Bişr-i Hafi (rh)’ a: “İnsanlardan bir kısmı Ramazan-ı Şerif ayında ibadet ediyorlar, diğer zamanlarda etmiyorlar” dediler. O: “Onlar ne kadar kötü kimselerdir. Çünkü; Allah-ü Tealâ’yı Ramazan-ı Şerif ayında biliyorlar, diğer aylarda bilmiyorlar” demiştir.
Kâb-ül Ahbar: Ramazan ayında oruç tutup, iftardan sonra: “Şöyle bir günah işlerim.” diye kendi kendine konuşan, düşünen kişinin orucu reddolunur demiştir. (10)
Akıllı kimse peşpeşe sevaplar işlemeli ve şu ayete sımsıkı sarılmalıdır.
Ayet Meali: Gündüzün iki tarafında (yani sabah, öğle ve ikindi vakitlerinde) ve gecenin gündüze yakın saatlerinde (akşamla yatsı zamanında) namazı dosdoğru kıl. Şüphesiz ki (beş vakit namaz gibi) iyi ameller, (küçük) günahları giderir.
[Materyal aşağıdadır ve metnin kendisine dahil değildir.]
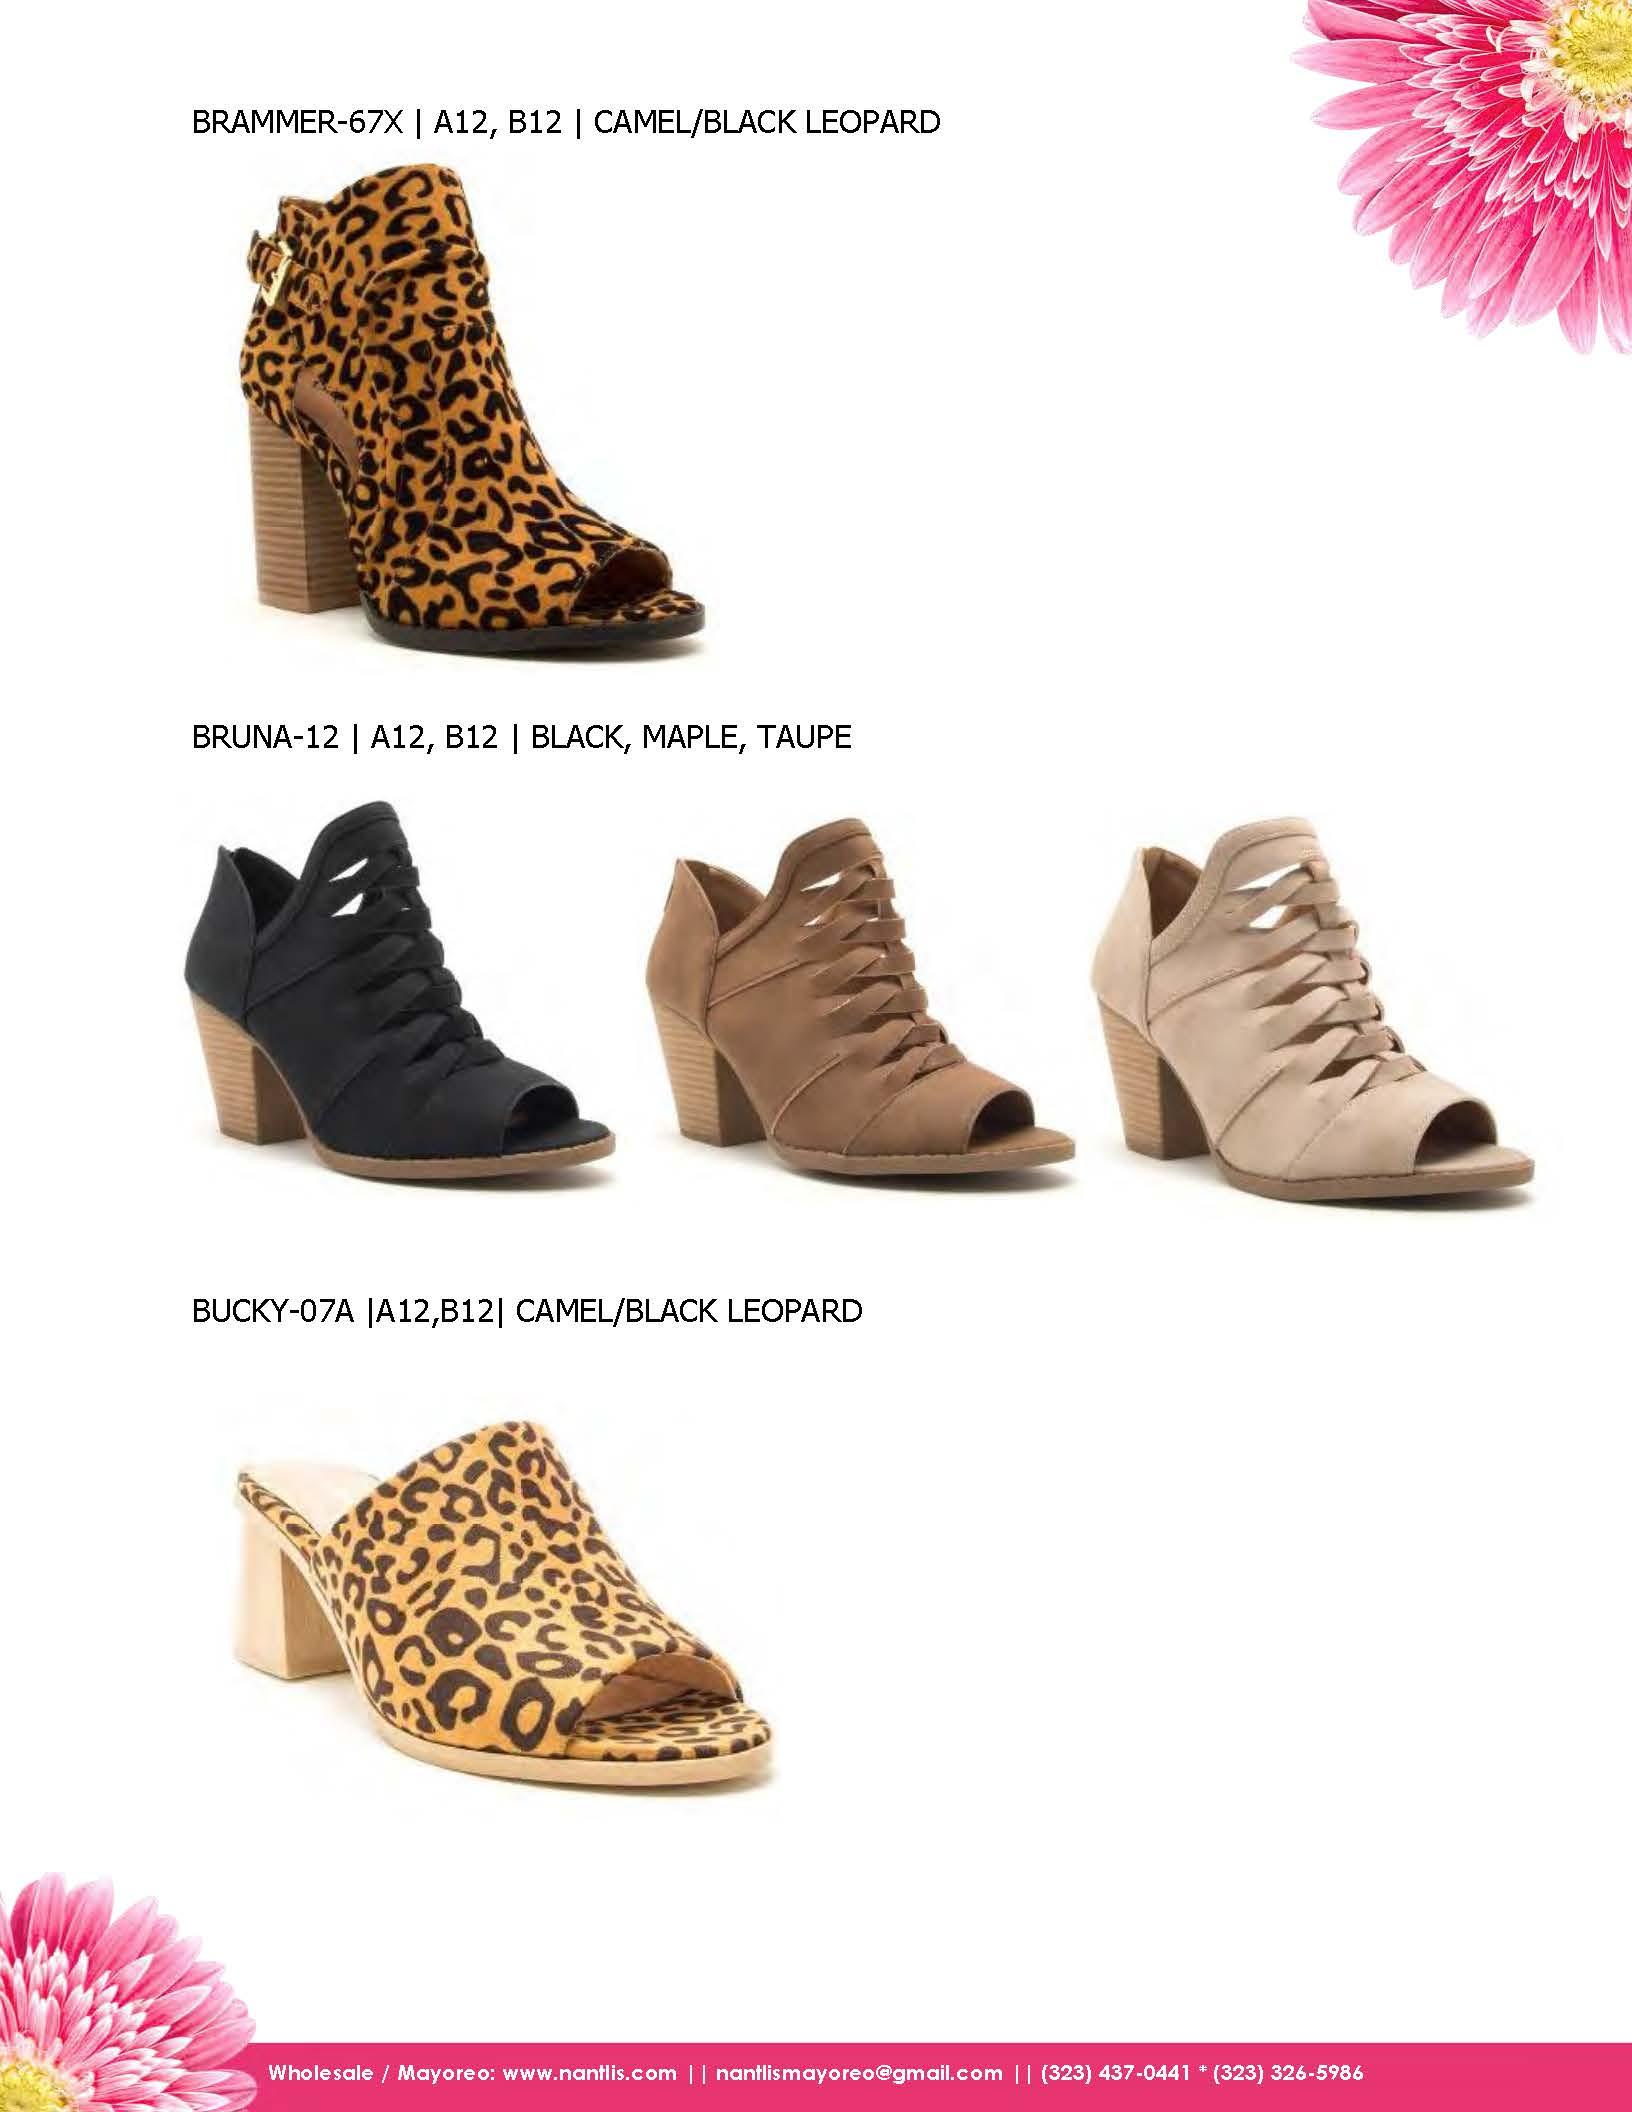 Nantlis Vol QU43 Zapatos para mujer mayoreo Wholesale shoes for women_Page_08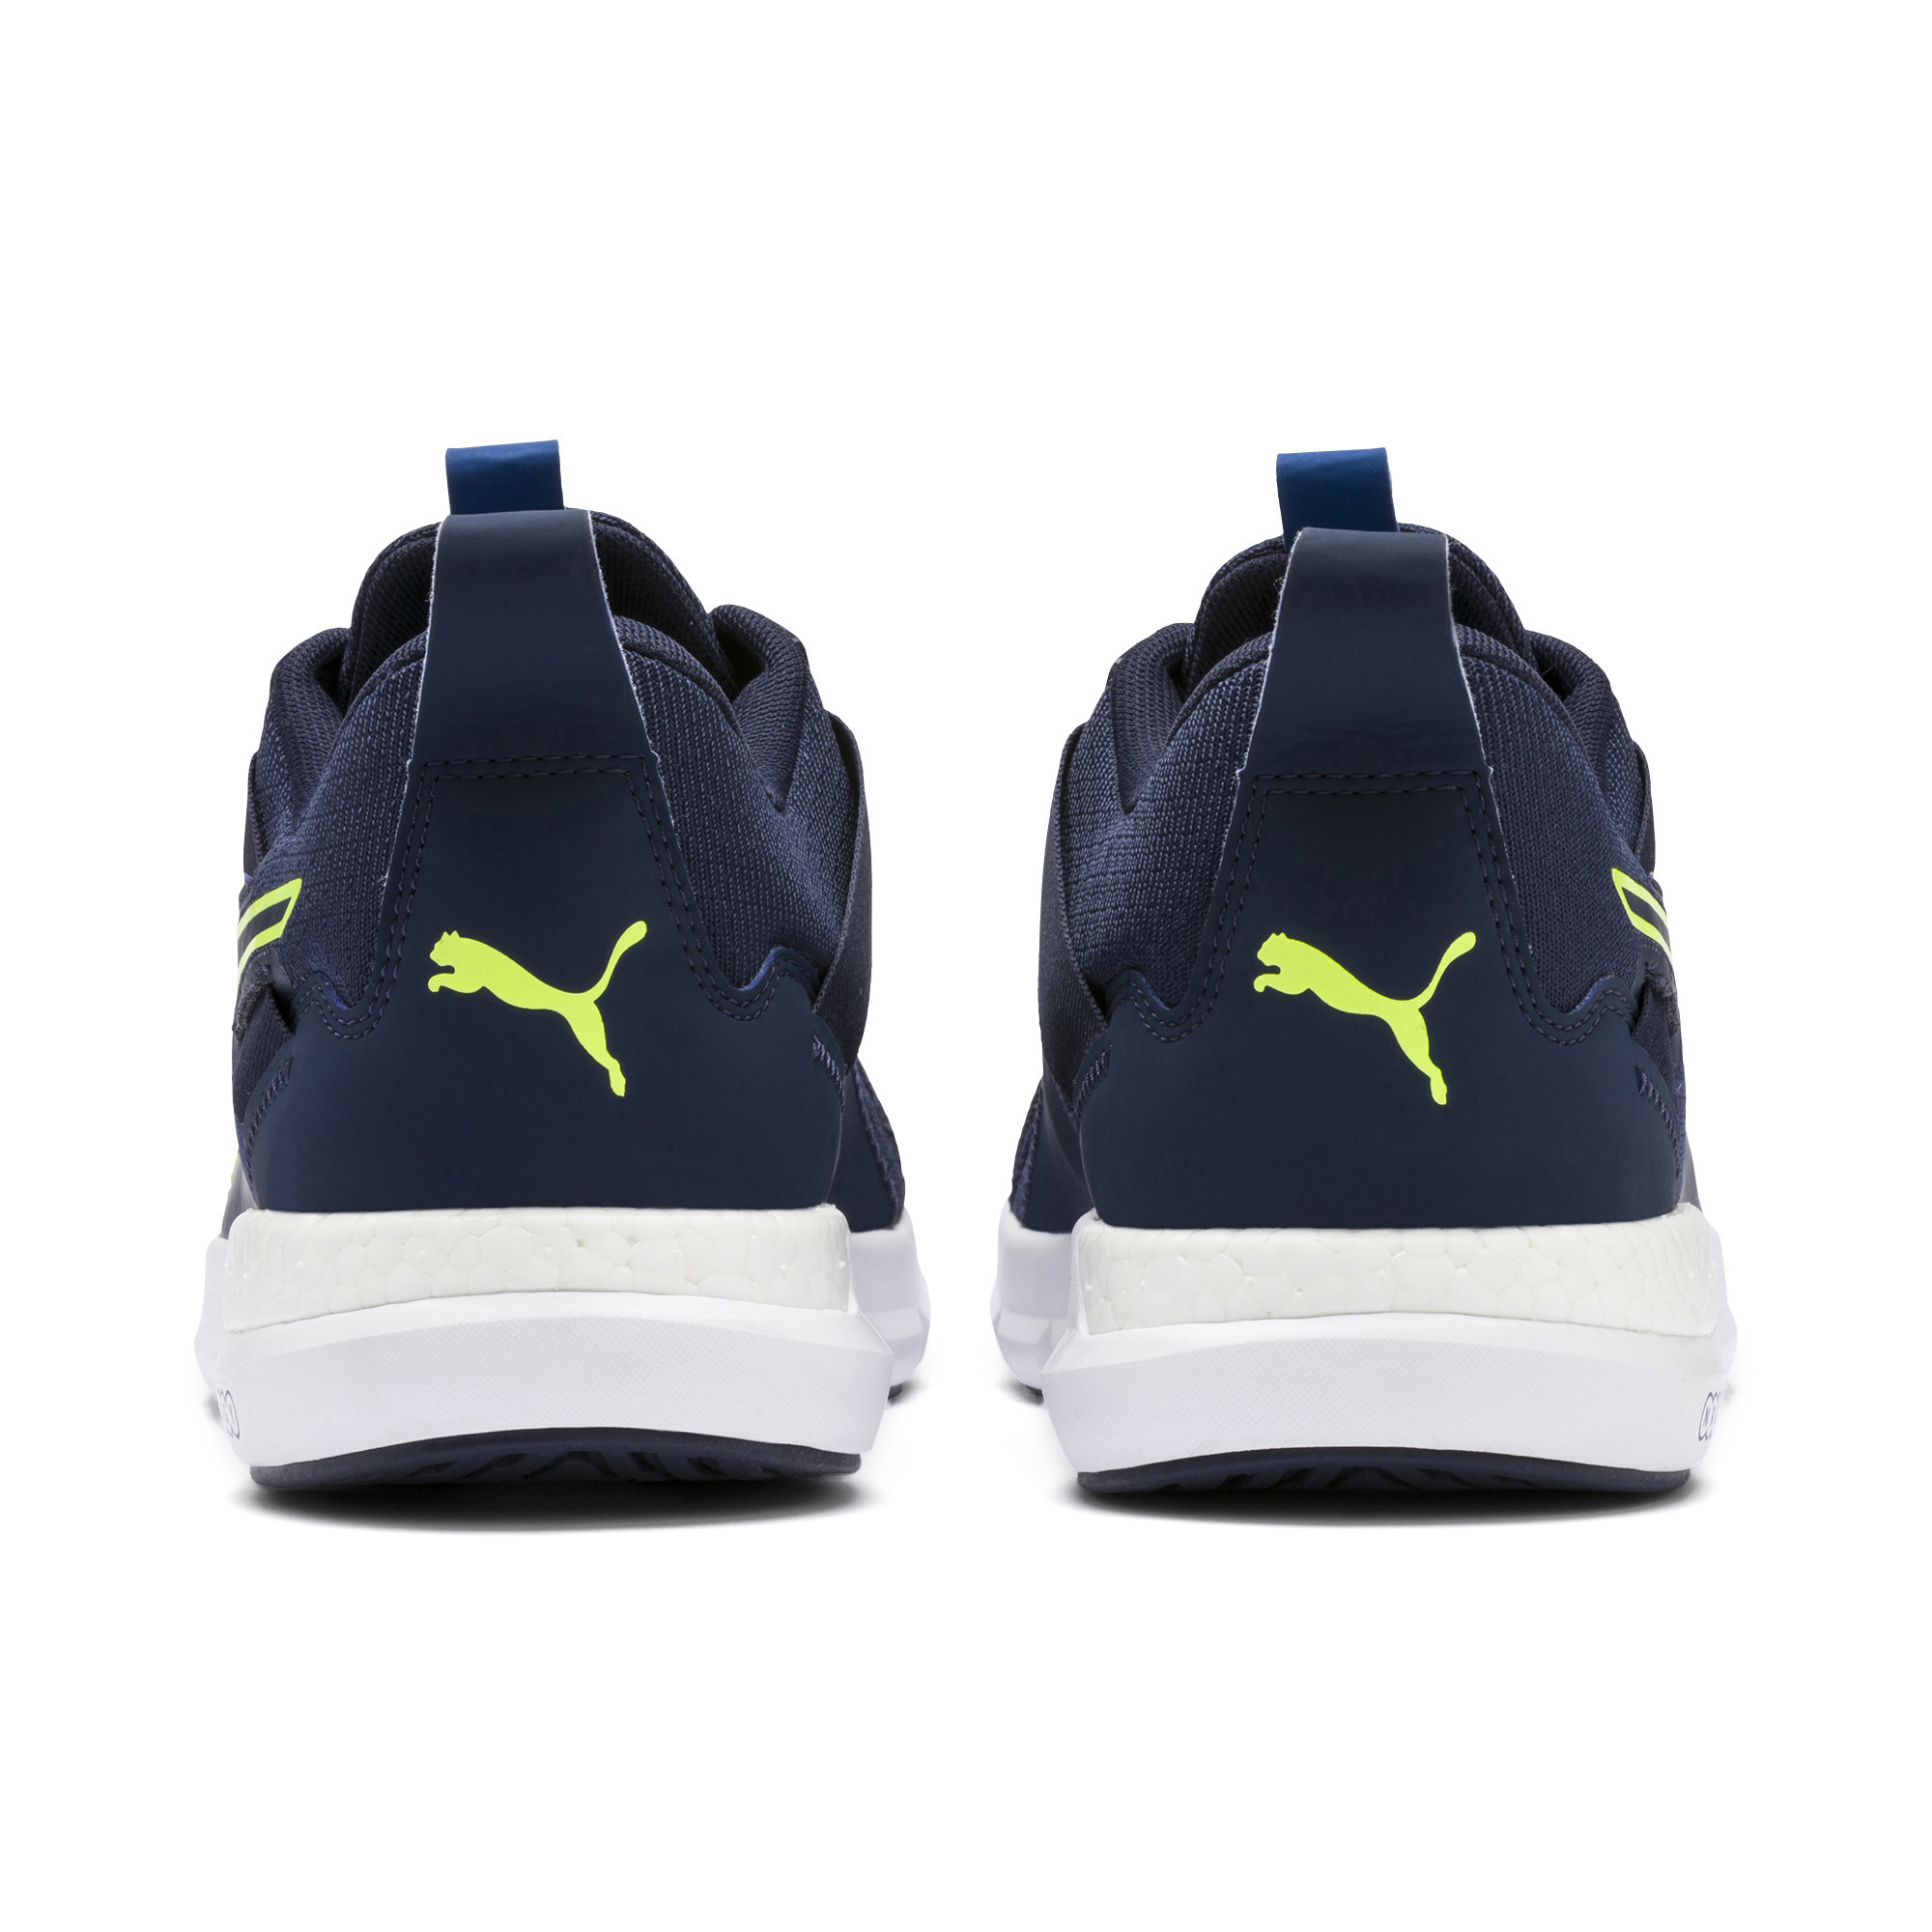 PUMA-NRGY-Dynamo-Futuro-Men-039-s-Running-Shoes-Men-Shoe-Running thumbnail 3

Bu, düşünen (ve lâfdan anlayan) lara bir nasihattır. (Hûd -114) Ğaliye.
Haber
Ramazan bayramı günü olunca Allah-ü Tealâ, melekleri bütün memleketlere gönderir. Onlar da yeryüzüne inerler. Sokak başlarında dururlar ve insanlar ile cinlerin haricinde bütün mahlûkatın duyabileceği bir sesle şöyle seslenirler:
Ey Ümmet-i Muhammed!
(sonsuz) kerem sahibi olan Rabb’in huzuruna çıkın. O size çok mükâfat verir ve
büyük günahlarınızı affeder.
Onlar da namazgâhlarına
çıktıkları zaman Allah-ü Teâlâ şöyle buyurur: Ey meleklerim! İşini bitiren
işçinin mükafatı nedir? Meleklerde: Ey Rabbimiz! Onun mükâfatı ücretini bol
bol vermektir. derler. Bunun üzerine
Allah-ü Teâlâ: Ey meleklerim! Sizi şahit yapıyorum ki, ben onları affettim.
Ramazan ayının orucunu tutmakla ve gece
kıldıkları namazın sevabı olarak; onlara rızamı ve mağfiretimi verdim. (Zühre)
Burada fıkhî bir mes’ele vardır. Şöyle ki: Bir kişi kölesine: “Bana birkaç gün hizmet edersen; azatsın.” dese, üç gün hizmet edince azat olur. Şayet: “Çok günler hizmet edersen azatsın.” demiş olsa; İmam-ı A’zam (R.A.)’ a göre; on gün, İmameyn’e göre; yedi gün hizmet edince azat olur. Otuz gün boyunca Rab’bine hizmet eden de; Cehennemden azat olur. Zira sevgili Peygamberimiz: “Ramazan ayının sonu; Cehennemden azat olmaktır.” buyurdular.
Eğer denilirse ki: Bu, hakkıyla oruç tutanlar için verilecek bir mükâfattır, bizim gibi acizlerin hali ne olacak? Cevaben deriz ki: Bizim Allah’tan ümidimiz nerede? O Erhamür-rahimindir. Ekramül ekramindir. (11) kendisinden umanları hayal kırıklığına uğratmaz.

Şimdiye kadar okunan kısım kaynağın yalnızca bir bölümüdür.